Just last month, the central bank implemented a 25-basis-point interest rate hike, raising its key policy rate to 4.75 percent. This action brought the total tightening in the current cycle to 50 basis points. Such decisive policy actions underscore the urgent need for a cohesive and experienced Monetary Board to guide the country's economic stability and ensure effective policy formulation.
Under the provisions of the New Central Bank Act, Monetary Board members are appointed for a fixed term of six years and are eligible for reappointment only once. Mr. Wassmer and Mr. Querubin’s new terms, running until July 2032, align precisely with this legal framework. The retention of these two seasoned professionals is seen as a strategic move by President Marcos Jr. to ensure policy continuity and to leverage their combined expertise in financial markets and risk management to address prevailing economic headwinds effectively. Their continued presence on the board is expected to contribute significantly to the BSP's ability to respond dynamically to evolving economic conditions and uphold its mandate of price stability and a sound financial system.

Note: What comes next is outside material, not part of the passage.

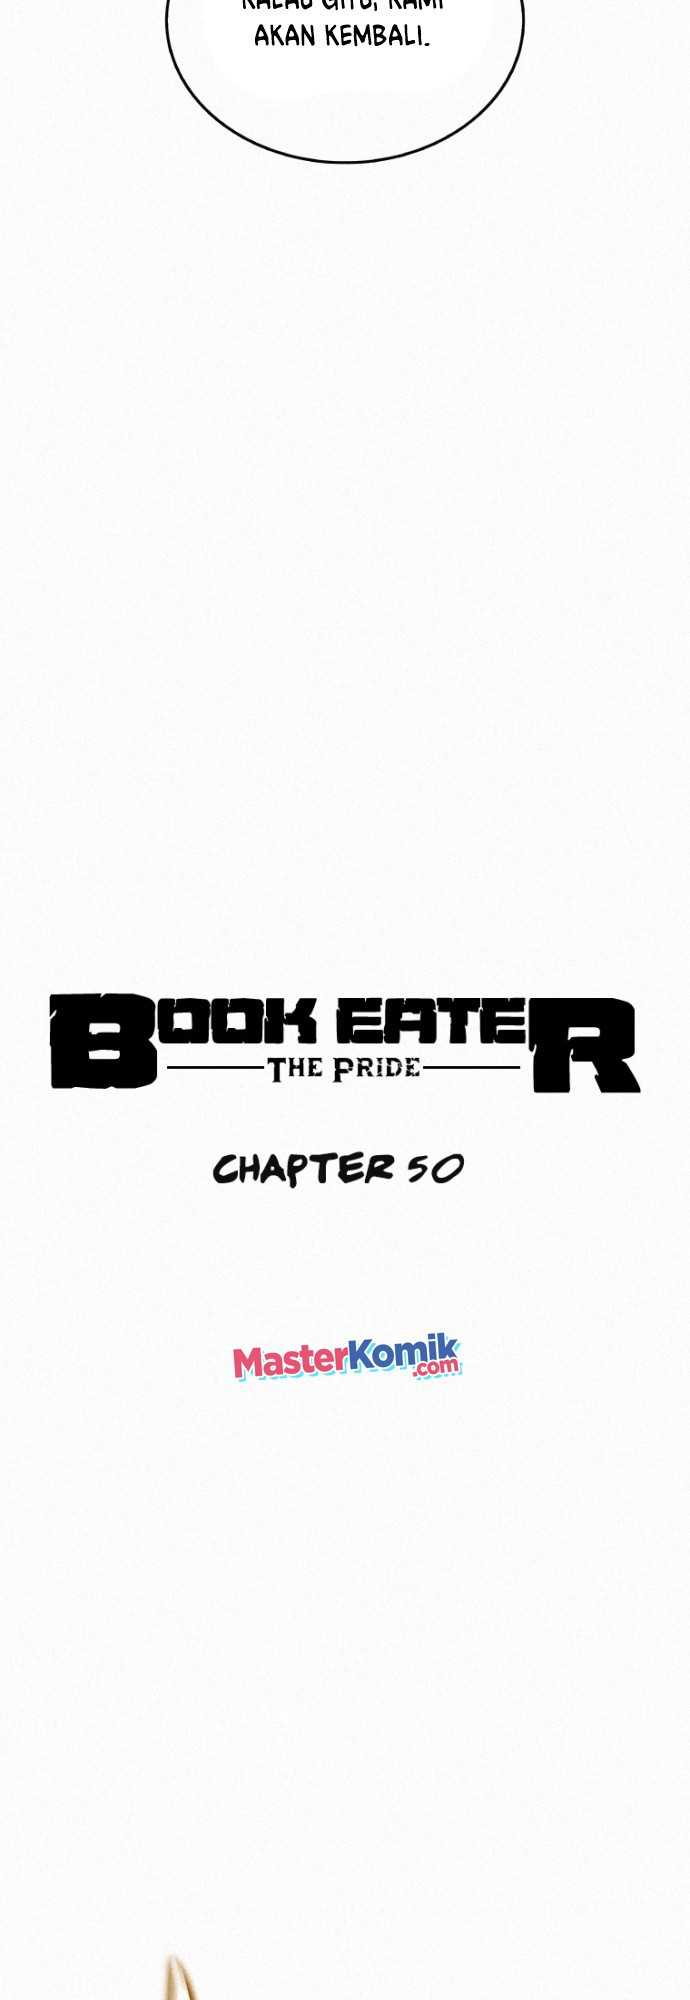 The Book Eating Magician (Book Eater) Chapter 50

The Monetary Board itself is meticulously structured to ensure a robust mix of expertise. It comprises the BSP governor, who serves as chair, one Cabinet member, and five full-time members drawn from the private sector. The reappointments of Wassmer and Querubin maintain the board’s crucial balance of specialized knowledge, ensuring a diverse yet complementary skill set for its critical decision-making processes.
Their initial appointments in 2024 came at a moment when the central bank sought to shore up public trust and institutional credibility. The resignations of Mr. Tolentino and Ms. Aquino were a direct consequence of allegations related to a "ghost employees" controversy, a governance issue that highlighted the imperative for stringent oversight and ethical conduct within the central bank. President Marcos Jr.'s subsequent appointments, and now reappointments, can be seen as a deliberate move to reinforce the integrity and stability of the central bank's crucial decision-making body, demonstrating a commitment to strong, untainted leadership.
The challenges ahead for the Monetary Board are multifaceted and extend beyond merely managing inflation and supporting economic growth. The board must also contend with external shocks from the global economy, volatile international market conditions, and the ongoing imperative to strengthen the country's domestic financial resilience against unforeseen future crises.
The retention of these two seasoned professionals signals a clear intent from the Marcos administration to uphold stability and prioritize experienced leadership as the nation’s monetary policy navigates a complex economic future.